线性回归区别

![简单线性回归和多元线性回归区别](./img/vs.png)

分类数据用dummy variable转换

![dummy variable](./img/dummy_var.png)

总是要省略一列防止过度拟合 (X-1)
![omit_one](./img/omit_one.png)


反向淘汰（Backward Elimination）是一种特征选择技术，常用于多元线性回归模型中。其基本思想是：先将所有的预测变量包含在模型中，然后逐步移除最不重要的特征，直到所有剩余的特征都是重要的（即对模型的预测性能有显著贡献）。

反向淘汰的具体步骤如下：

**包含所有特征：**首先，我们建立一个包含所有预测变量的模型。

**计算每个特征的重要性：**然后，我们计算每个特征对模型预测能力的贡献。在多元线性回归中，这通常通过计算每个特征的 P 值来实现。P 值表示了特征的系数是否显著不等于零的概率。较高的 P 值（通常大于某个阈值，如 0.05）表示特征可能不重要。

**移除最不重要的特征：**我们移除 P 值最大（即最不重要）的特征。

**重复步骤 2 和 3：**我们反复计算每个特征的重要性，然后移除最不重要的特征，直到所有剩余的特征都是重要的。

前向选择（Forward Selection）是一种特征选择技术，常用于多元线性回归模型中。

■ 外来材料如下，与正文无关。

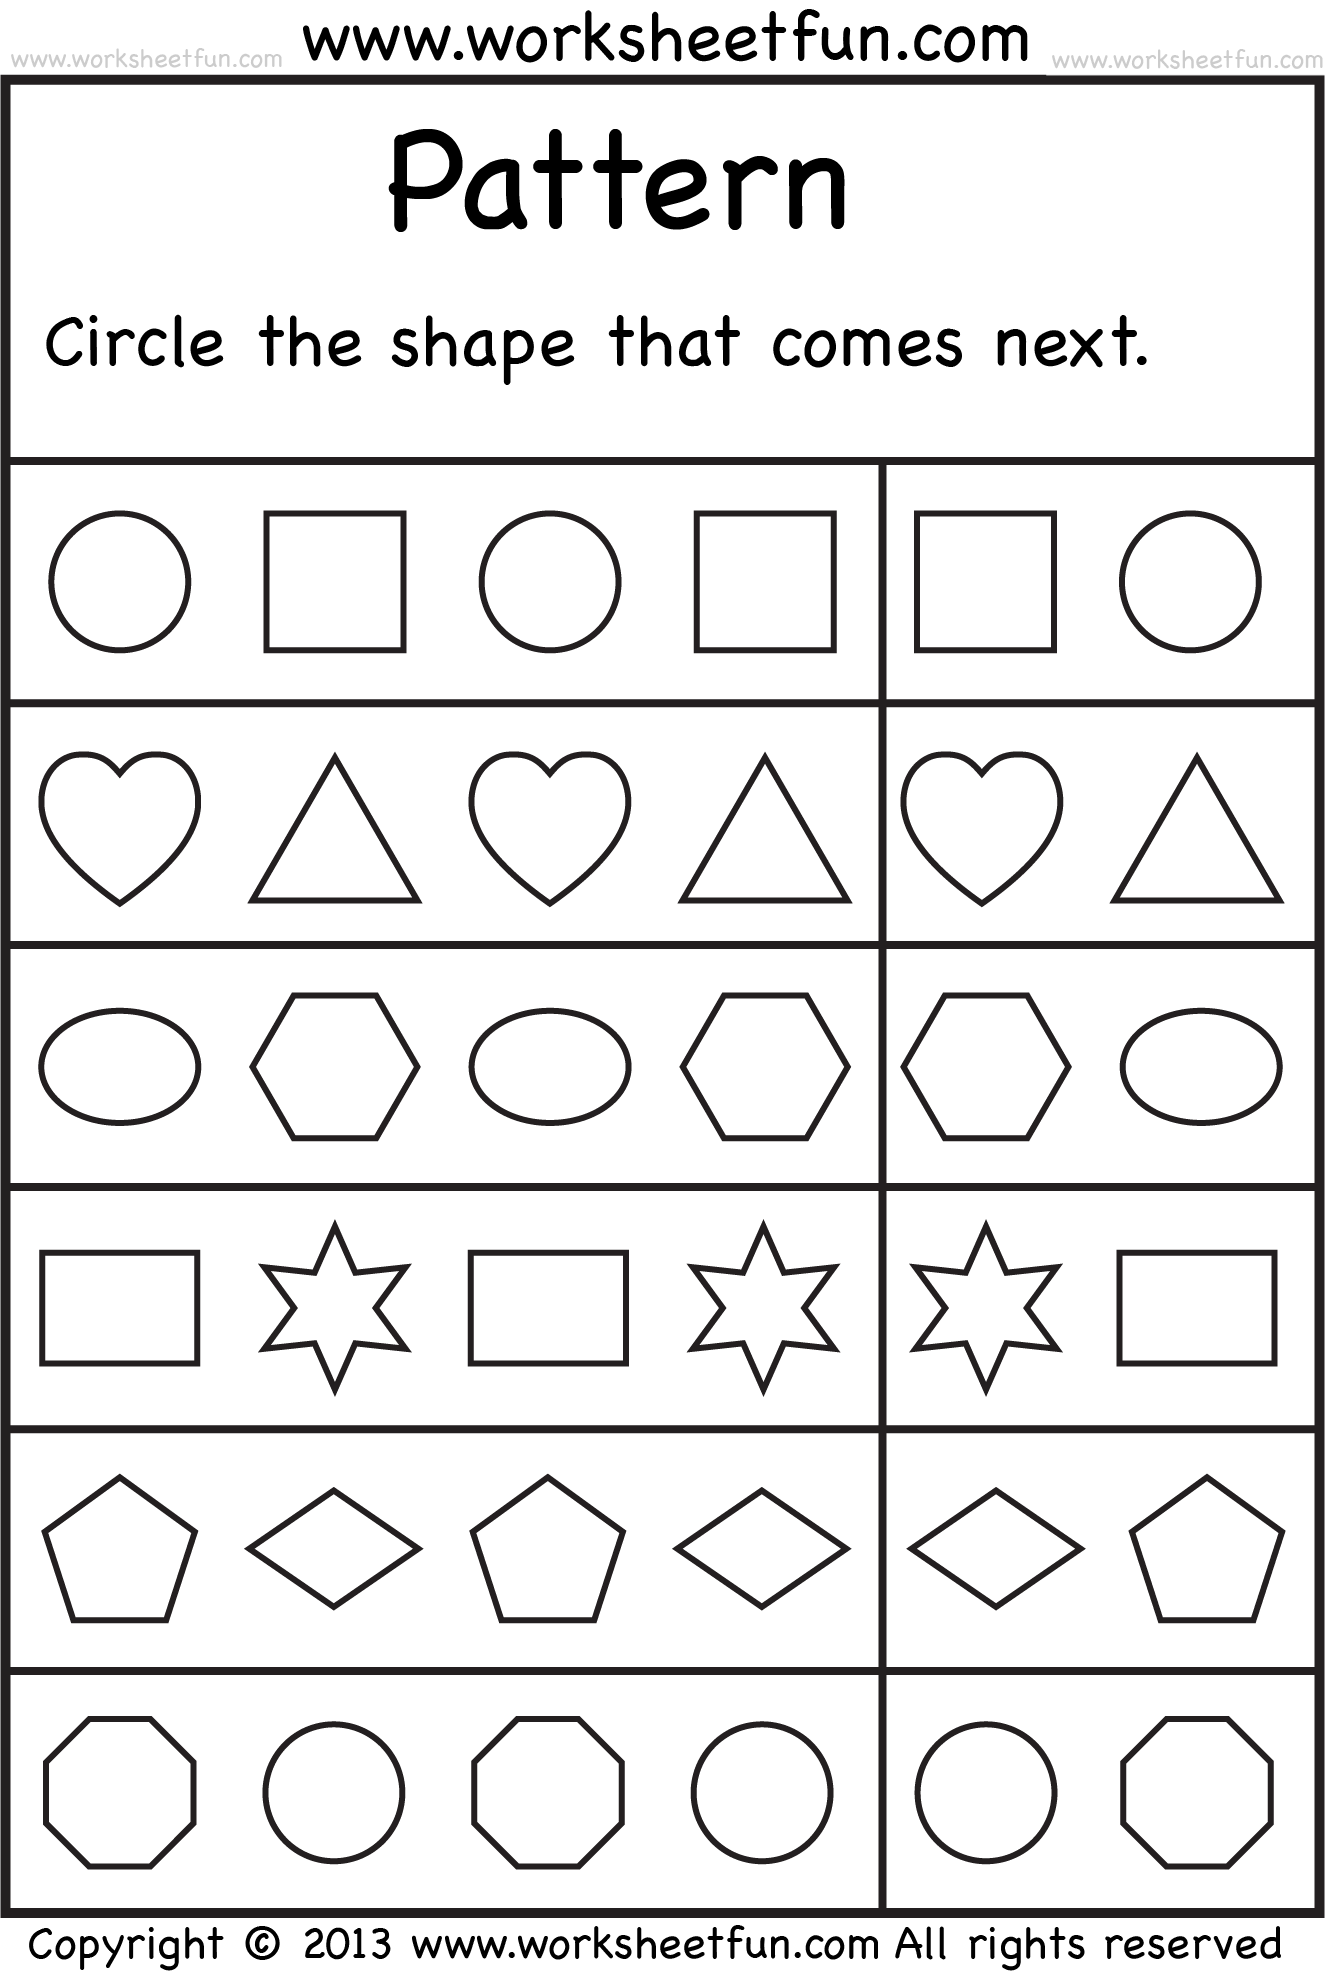 Kindergarten Worksheet   Pattern Worksheet, Patterning

其基本思想是：从没有预测变量的模型开始，然后逐步添加最重要的特征，直到添加更多的特征不能显著提高模型的预测性能。

前向选择的具体步骤如下：

**开始没有特征的模型：**首先，我们建立一个没有预测变量的模型，只有一个截距。

**计算每个特征的重要性：**然后，我们计算每个特征对模型预测能力的贡献。在多元线性回归中，这通常通过计算每个特征的 P 值来实现。P 值表示了特征的系数是否显著不等于零的概率。较低的 P 值（通常小于某个阈值，如 0.05）表示特征可能是重要的。

**添加最重要的特征：**我们添加 P 值最小（即最重要）的特征。

**重复步骤 2 和 3：**我们反复计算每个特征的重要性，然后添加最重要的特征，直到添加更多的特征不能显著提高模型的预测性能。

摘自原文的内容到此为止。